# Get Personalities of Programmers of Different Programming Languages

This is the code that allows me to get the avreage personality of programmers of different programming langauges. My intuition is, that different programs attract different types of programmers. So here is a way to sort of test it. 

The data used here is the one found on Kaggle: [https://www.kaggle.com/stackoverflow/stacksample/version/1](https://www.kaggle.com/stackoverflow/stacksample/version/1).
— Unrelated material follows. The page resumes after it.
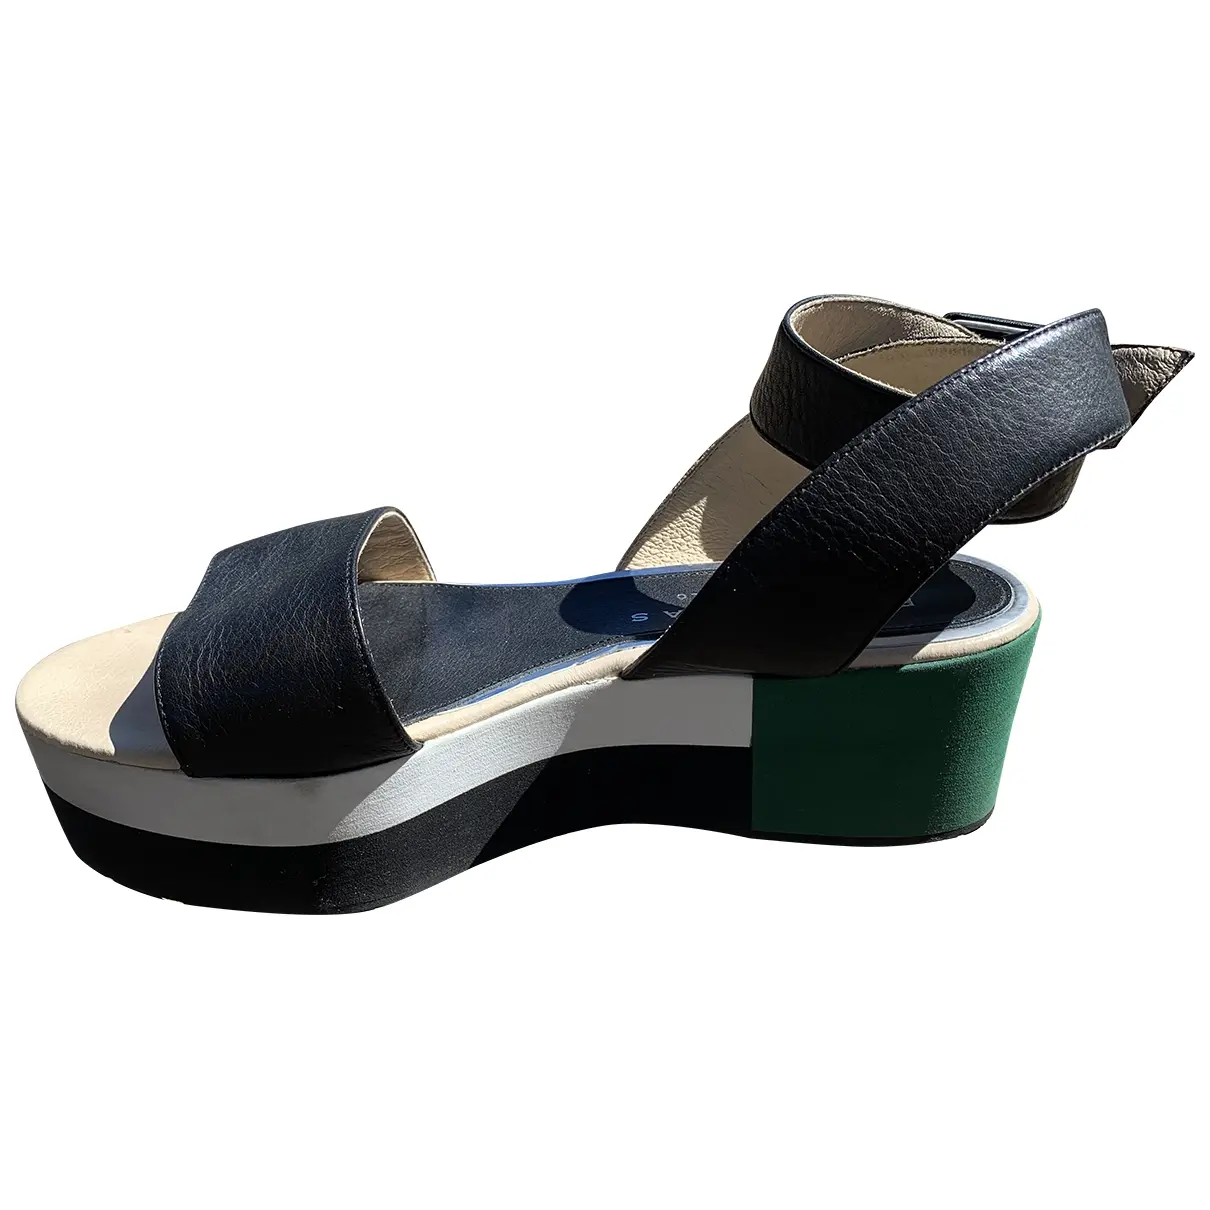 Leather sandals Paloma Barcelo

If you want to replicate the analysis, please use the data there.

First I need to import all the libaries that I am going to use.

In [1]:
from ibm_watson import PersonalityInsightsV3
from bs4 import BeautifulSoup
import collections
import requests
import pandas
import json
import csv
import os

In the next part, I am setting come constants, that I am going to be using below. In order to get the personalities, I use the IBM's personality insights ([https://www.ibm.com/watson/services/personality-insights/](https://www.ibm.com/watson/services/personality-insights/)). If you want to replicate it, you need to get the keys from IBM. Up to 1000 calls/month it is free (and this script uses less than 1000). 

In [2]:
folder_personality = "personality"

In [3]:
credentials = {
  "apikey": "",
  "iam_apikey_description": "",
  "iam_apikey_name": "",
  "iam_role_crn": "",
  "iam_serviceid_crn": "",
  "url": "https://gateway-fra.watsonplatform.net/personality-insights/api"
}
api_link = "https://gateway-fra.watsonplatform.net/personality-insights/api"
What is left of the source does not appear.